Report: NECC operated on manufacturing scale, failed in quality

The initial report from the Massachusetts Board of Registration in Pharmacy discovered what is already pretty clear by now. It shows that New England Compounding Center (NECC) was operating like a small drug manufacturing plant but without following the strict quality and safety oversight that would come if it had been treated like a manufacturer and regularly inspected by the FDA. The findings boost those who think that is what needs to happen.

A federal criminal investigation has been launched into the Framingham-based company, whose steroid products have been tied to an outbreak of a rare meningitis, CNN reported.
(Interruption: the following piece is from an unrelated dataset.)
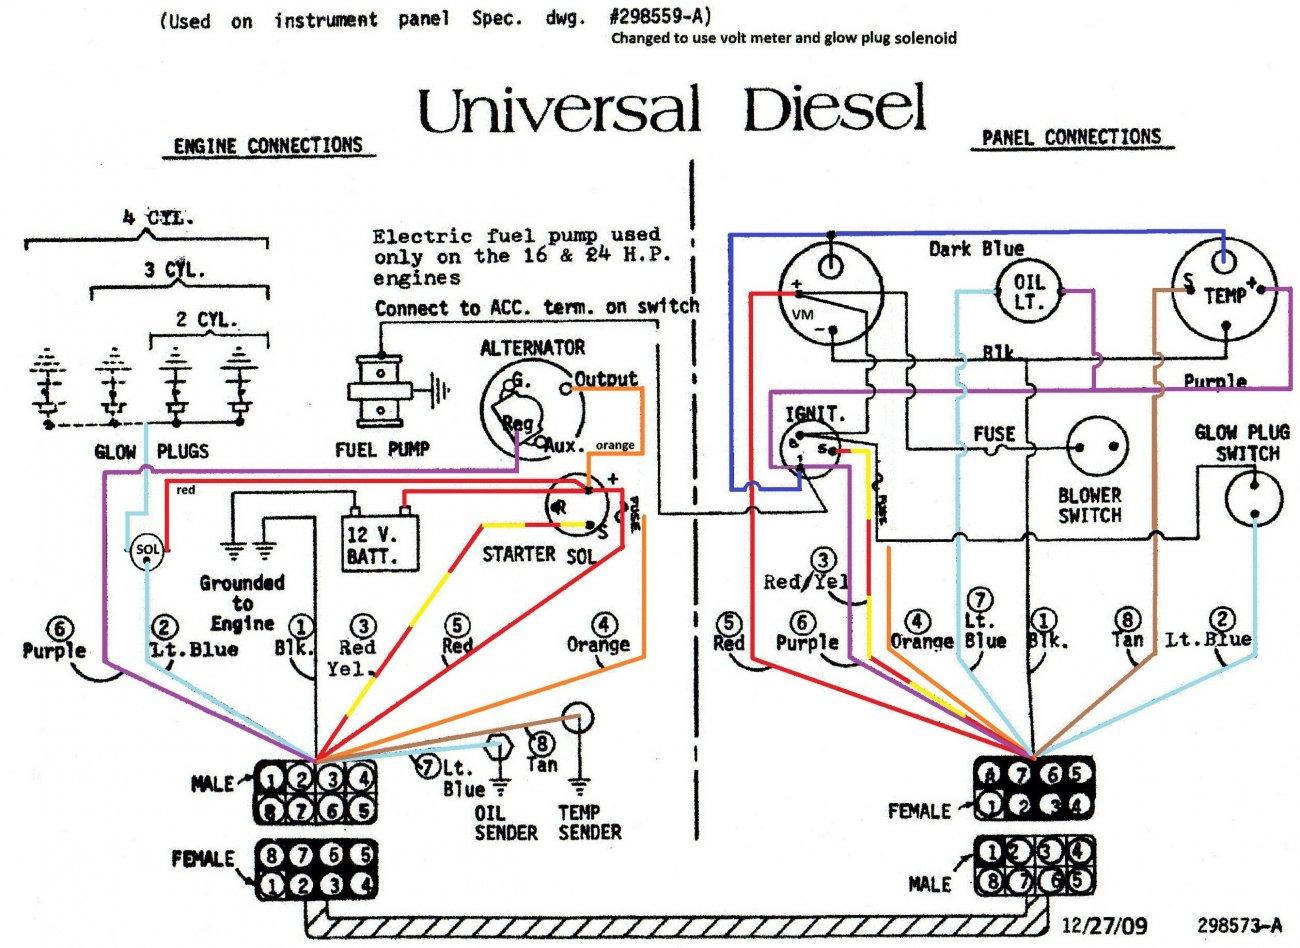 Engine Wiring harness diagram.jpg
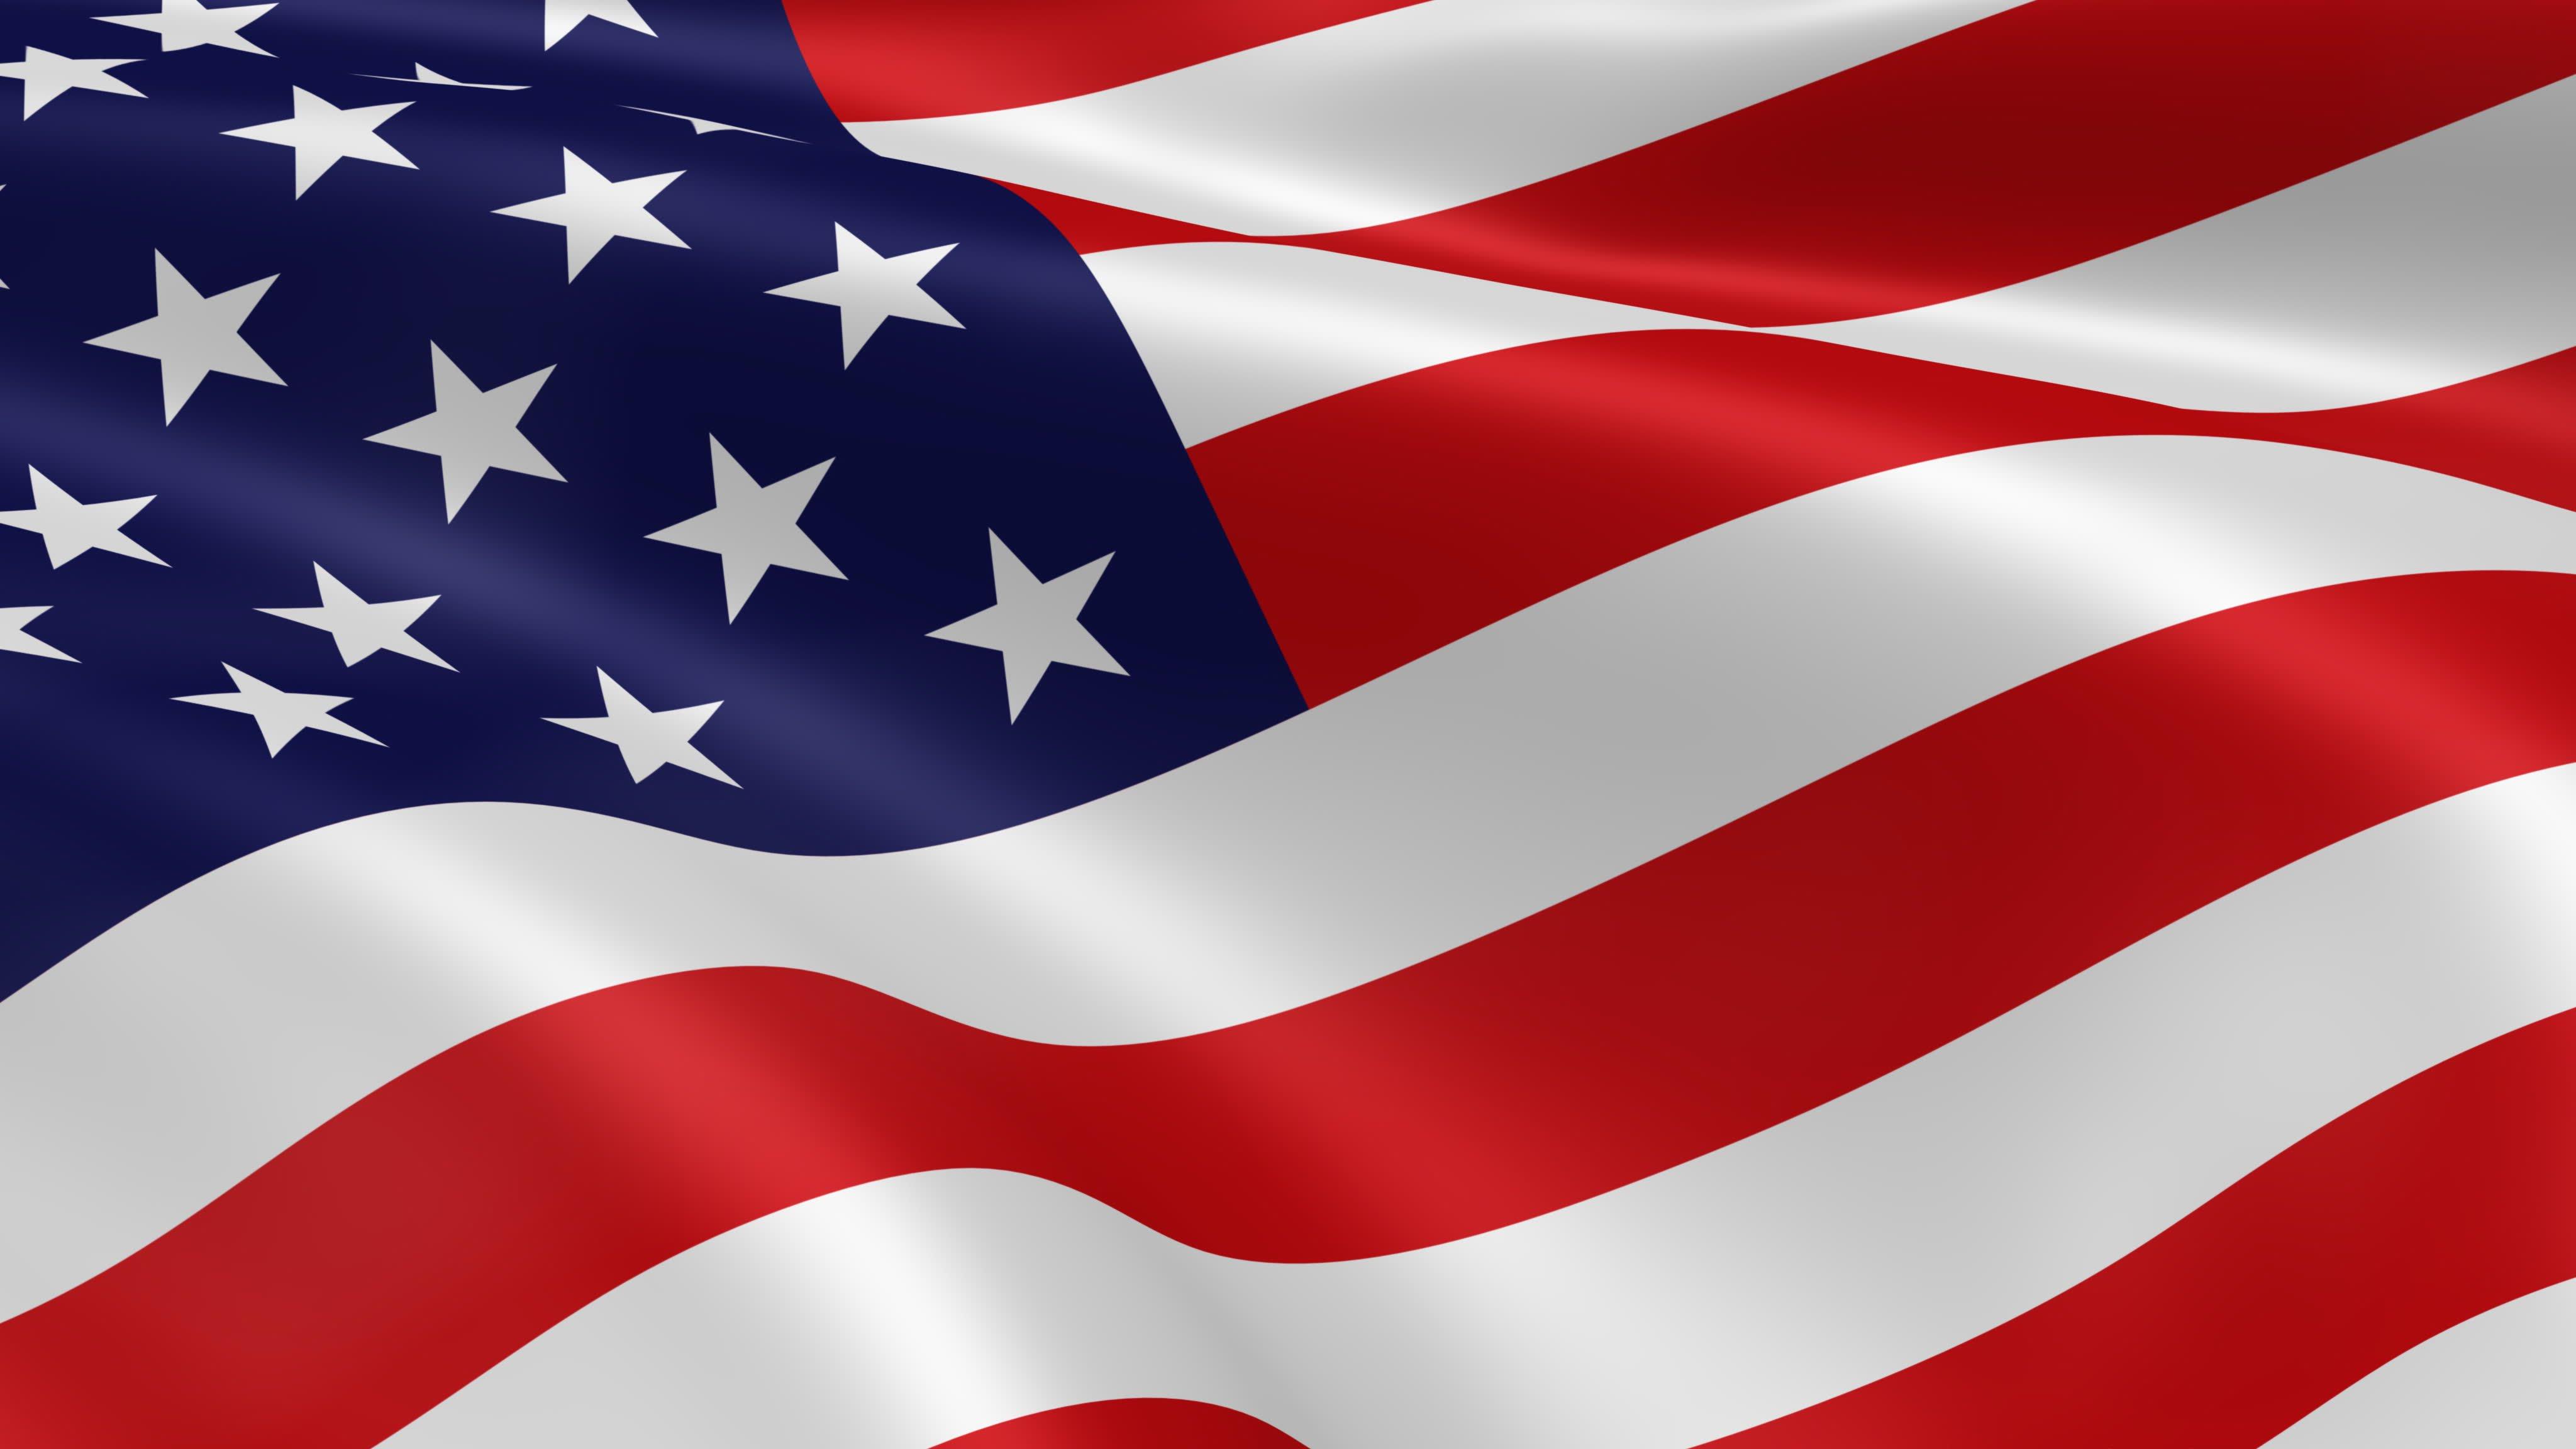 americanflag (1)

The illness has killed 23 people and infected more than 300, numbers that change daily.

In its report issued late Tuesday, the pharmacy board found that "NECC distributed large batches of compounded sterile products directly to facilities apparently for general use rather than requiring a prescription for an individual patient." Its state license was only supposed to allow for prescription-specific compounding, although it has been operating on a much larger scale for years without state officials interceding.

Among quality problems, the probe that found the drug manufacturer released two of the recalled lots of methylprednisolone acetate (PF) 80 mg/ml before getting results of quality tests.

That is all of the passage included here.